Chapter 17 – The Chain Starts to Fracture

Steel met scythe, and sparks skittered across the blood-slick stones. Seryn dropped his weight, slid back two steps, and reset his grip. His forearms throbbed, but the sword stayed steady. Across from him, Varathul loomed—nearly three meters of obsidian bone-plate and simmering crimson veins. A B-class (beginner) commander: every swing lethal, yet not invincible if handled with discipline.

"Hold," Seryn murmured to himself. He flicked a glance at Elira—bruised, breathing hard, reattaching a charm to her wrist. Ardan stood, shoulder bleeding but eyes bright with focus, fingertips buzzing with a thin film of lightning. Lucien had snatched a short sword from a fallen legionnaire; he tested the balance once and moved forward without hesitation.

Up on the library ledge, Leon knelt over a new sigil, hands swollen and raw. His voice cut the wind in a single line: "Give me five seconds!"

"You'll get four," Seryn said, eyes locked on the commander.

---

The second wave wasn't chaos; it was choreography. Abyssal Legionnaires advanced in shield-and-blade formations while Hellbinders floated behind, weaving suppression and protection in the same gestures. Their armor was veined black steel, their four crimson eyes cold and focused—their bodies refused to die quickly even after a killing blow.

On the western flank, Professor Kaelor circled a Bone Reaver, searching for angles. Each leap shifted the weight of his greatsword toward the creature's joints; every hit cracked another rib of bone armor, pale fluid seeping out as the monster shrieked. To the south, Archmage Seralis cycled rings of blue fire, dropping Shrieker flocks from the sky before their acid talons could rake the walls.
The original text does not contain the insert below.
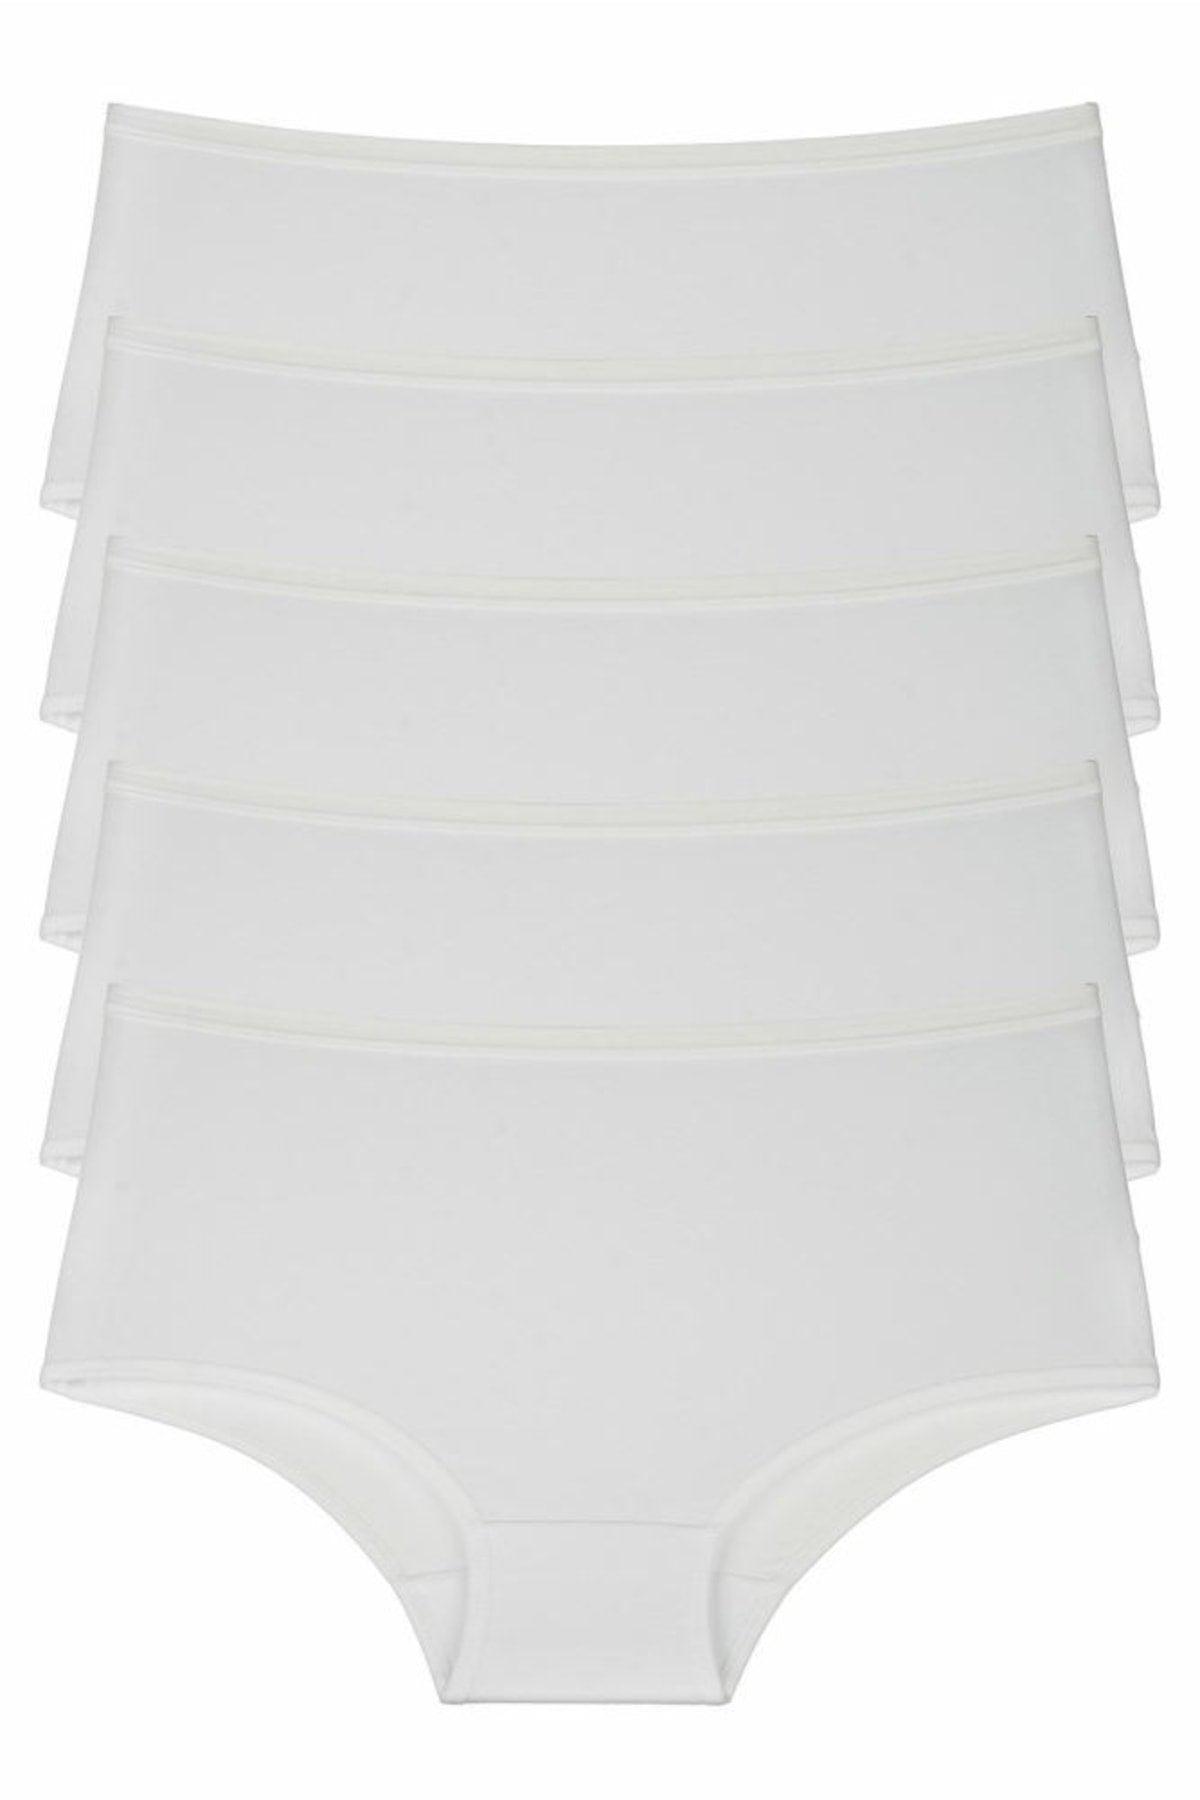 White Women's Panties 5 Pcs Pack High Waist - Swordslife

The academy was no longer a campus—it was a battlefield with a dozen fronts.

In the courtyard center, Varathul set his scythe's butt to the ground. Obsidian plates glowed along their cracks. Two of his eyes fixed on Seryn, two on Lucien.

"I will remember you both," the commander said, voice like split iron. "The loudest deaths are often the simplest."

"Stop talking," Lucien replied, calm as a drawn line. He slashed low, then cut forward with all the speed he could muster.

Seryn moved at the same time. Different angles, same goal: Lucien for the left knee, Seryn for the scythe's reach. Ardan scattered a pod of Hellbinders with a quick arc of lightning; their focus-stones burst like overripe fruit. Elira clipped a weight-reduction charm to Varathul's aura, shaving a layer off the pressure that crushed their front line.

The scythe whispered across the air in a wide sweep. Lucien slid under it, taking a nick to the shoulder—armor flaked away. Seryn chopped at the shaft—not the blade, but the joint where bone fused to metal. It wasn't a killing strike, but it robbed the commander of rhythm.

"Now!" Seryn shouted.

Leon answered. A rope of lightning fell, Varathul tilted the scythe upright to ground the blast; the hit still spidered new cracks through the plating. Painful? Yes. Fatal? Not yet. B-class was durable.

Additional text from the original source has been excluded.